Requirement: Set down each line of the material that follows exactly, and leave its pictures out.

Data provided:
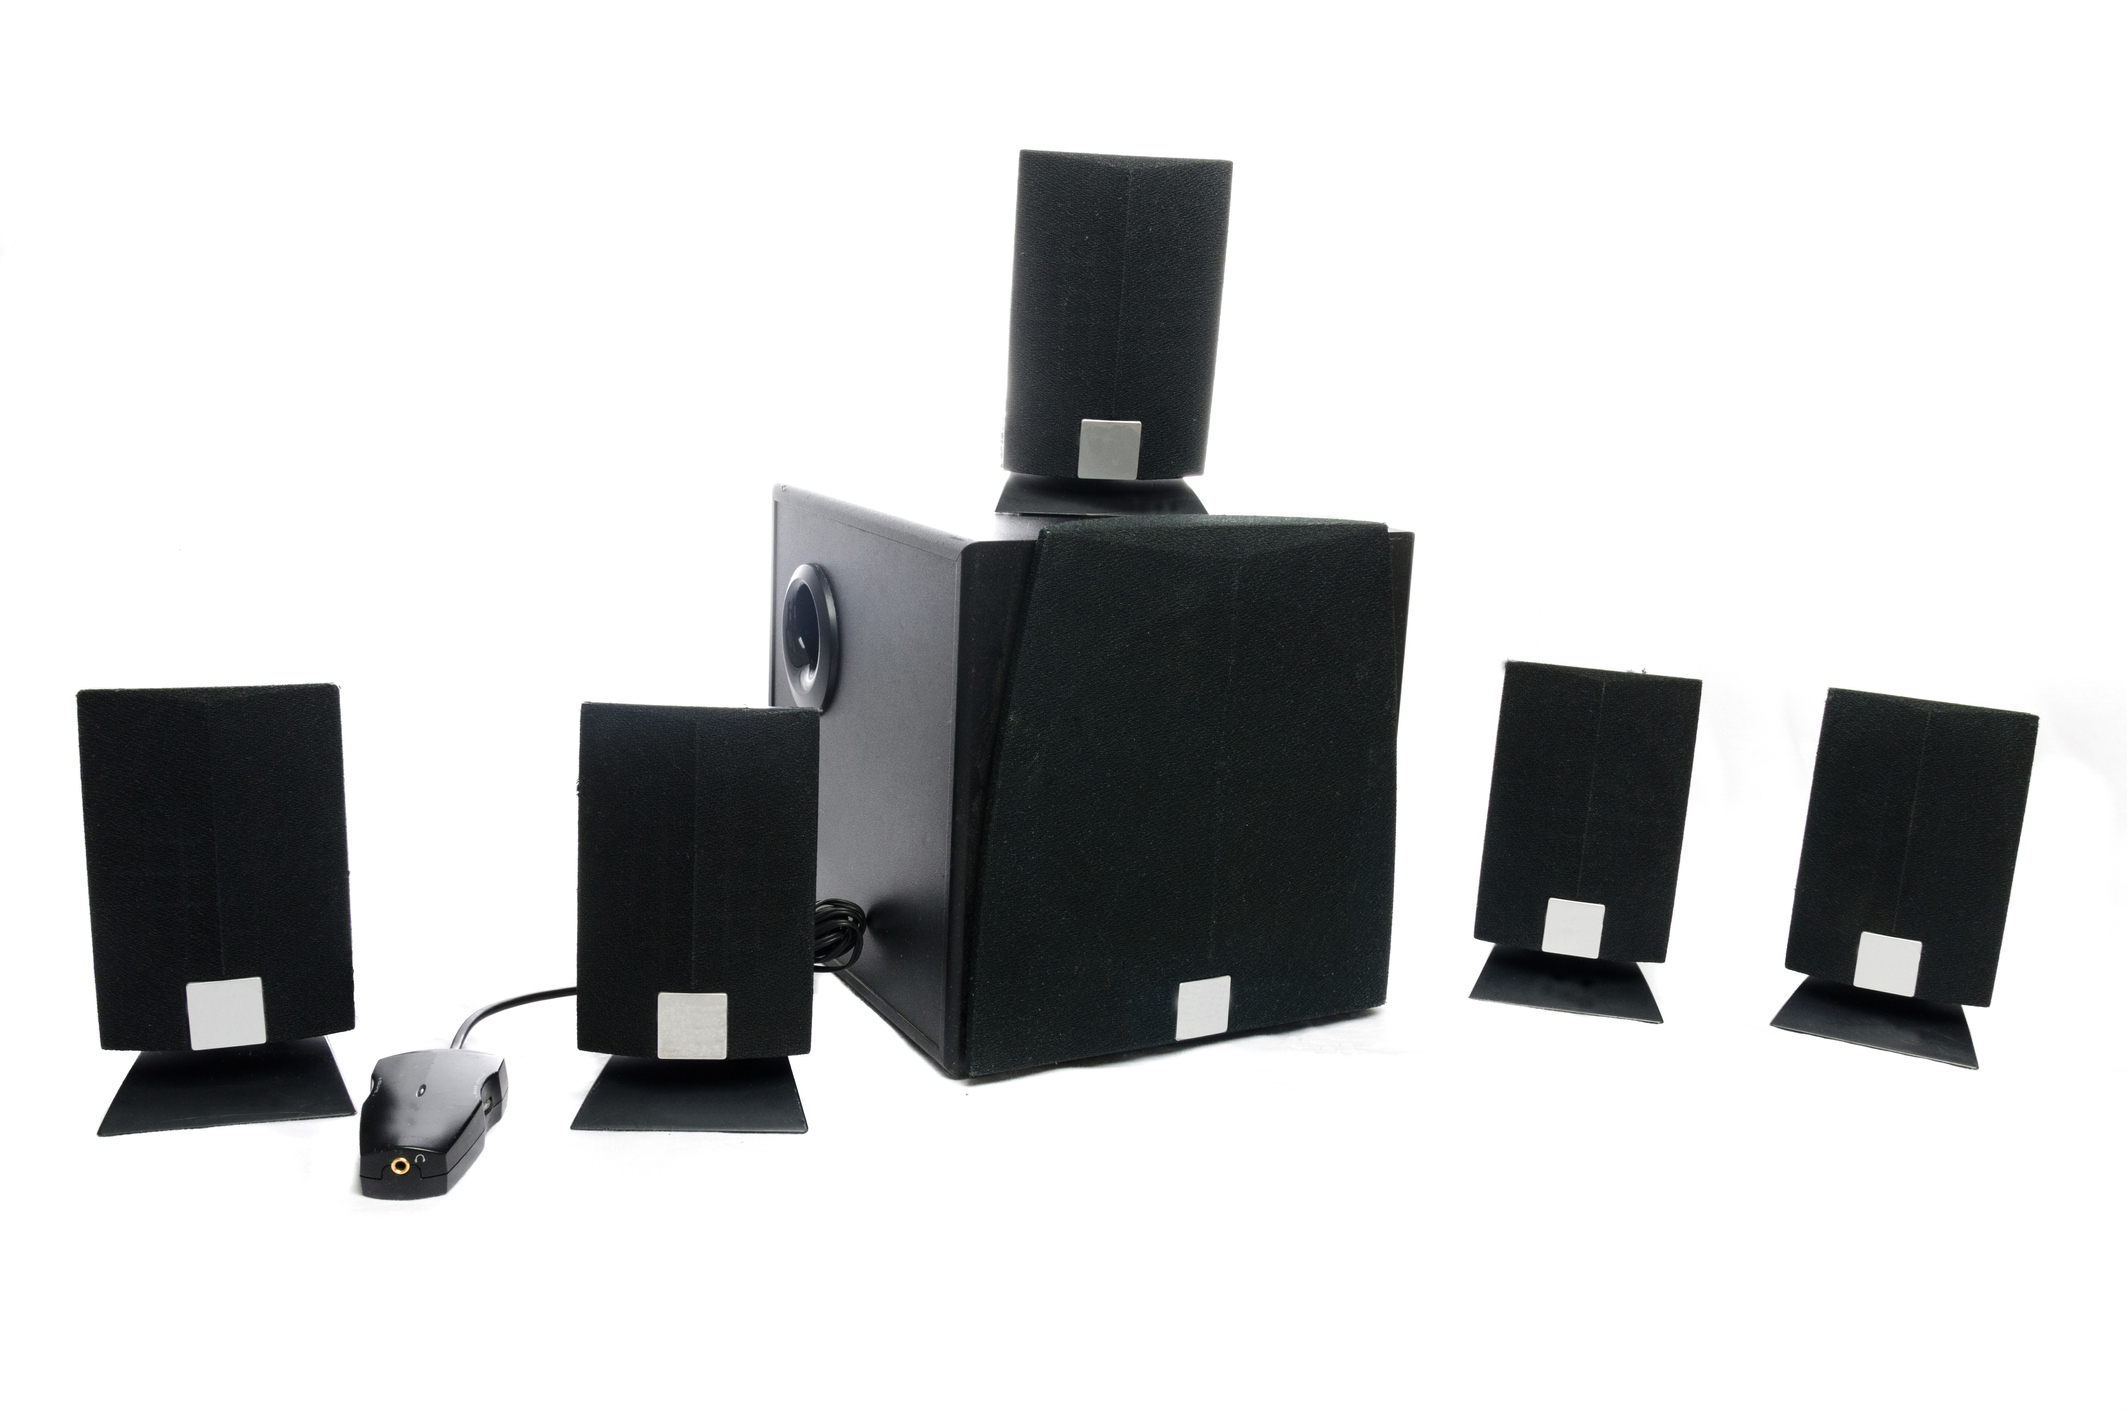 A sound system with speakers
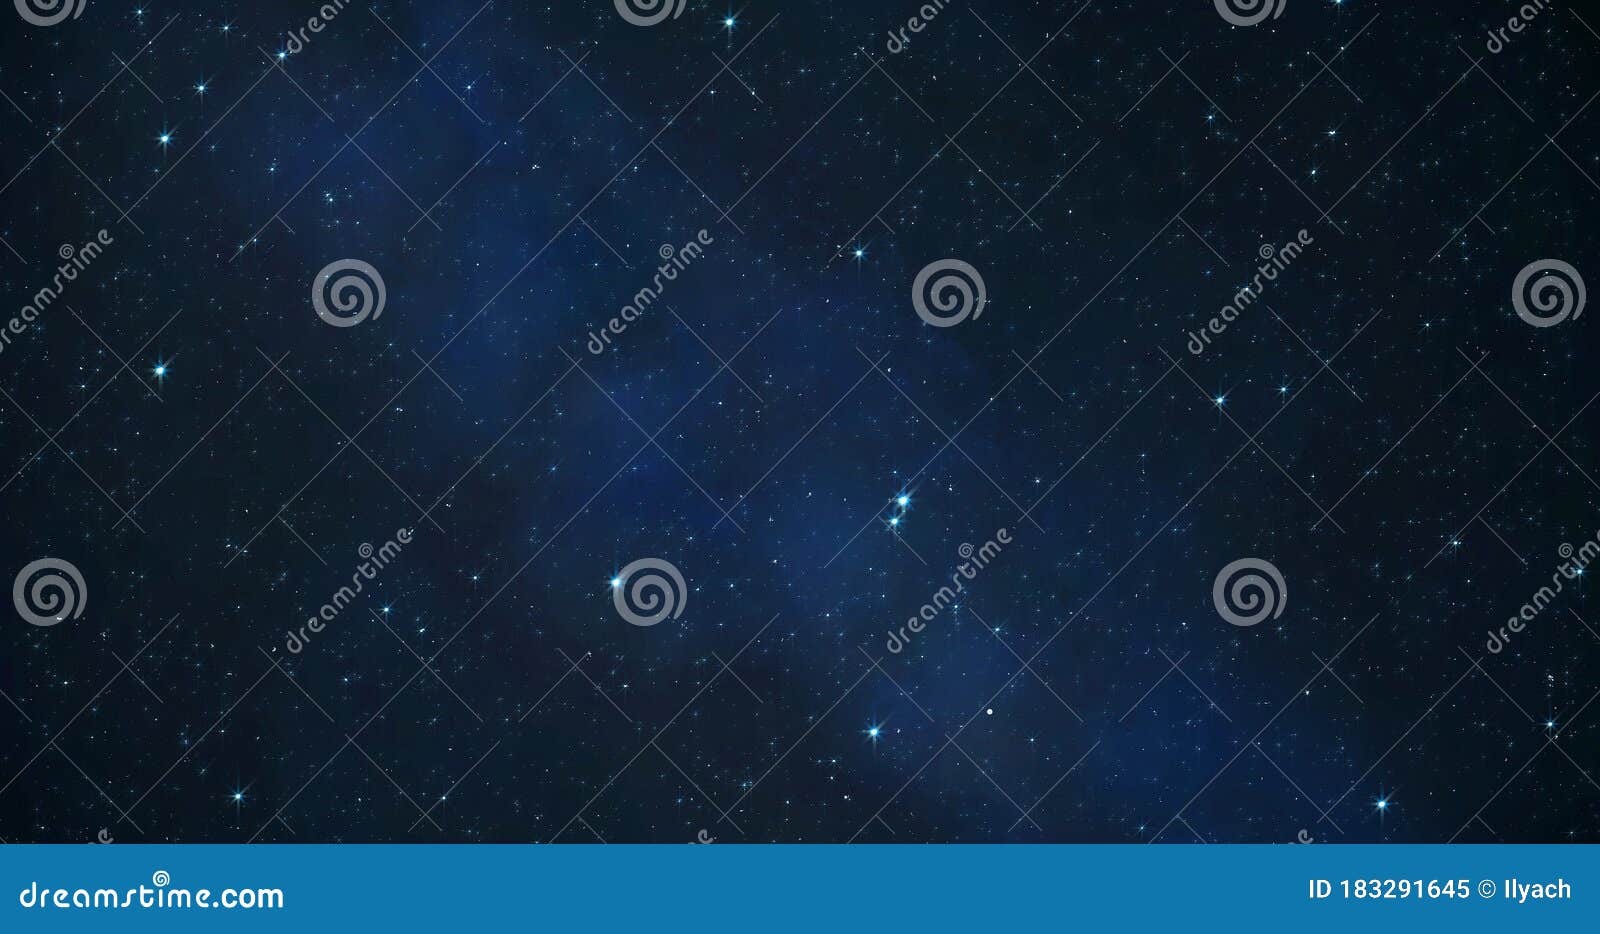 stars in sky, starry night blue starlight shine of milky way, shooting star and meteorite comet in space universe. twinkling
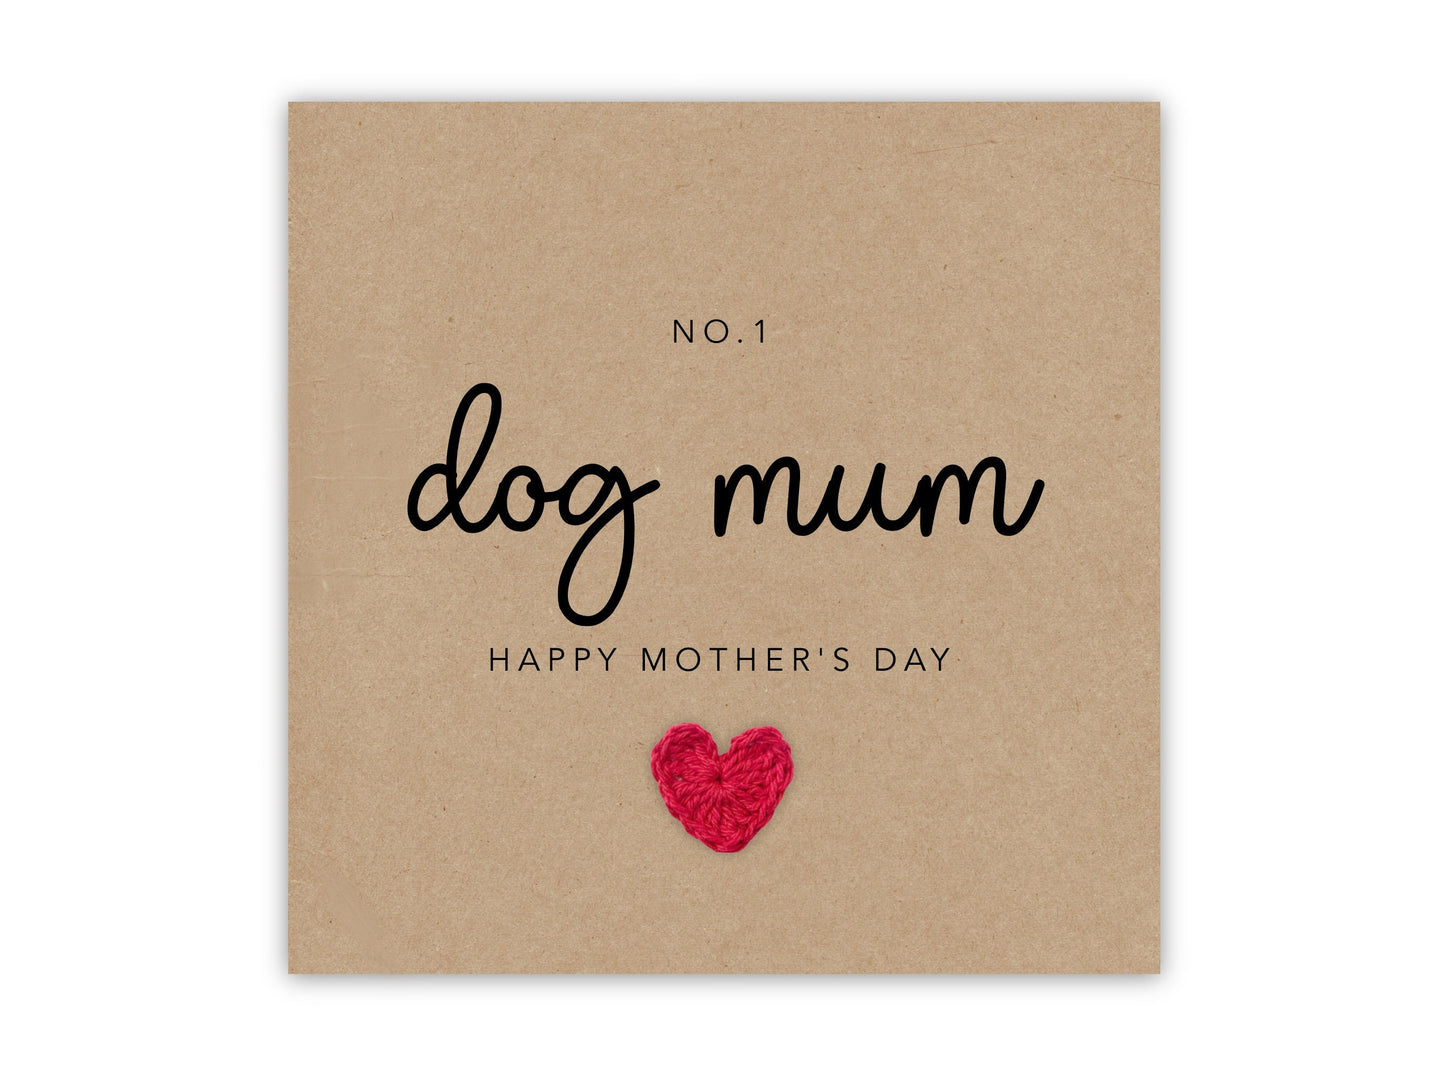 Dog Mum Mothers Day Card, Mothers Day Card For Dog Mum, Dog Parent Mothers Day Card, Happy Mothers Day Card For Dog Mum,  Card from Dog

Answer to the exercise:
 A sound system with speakers
 stars in sky, starry night blue starlight shine of milky way, shooting star and meteorite comet in space universe. twinkling
 Dog Mum Mothers Day Card, Mothers Day Card For Dog Mum, Dog Parent Mothers Day Card, Happy Mothers Day Card For Dog Mum,  Card from Dog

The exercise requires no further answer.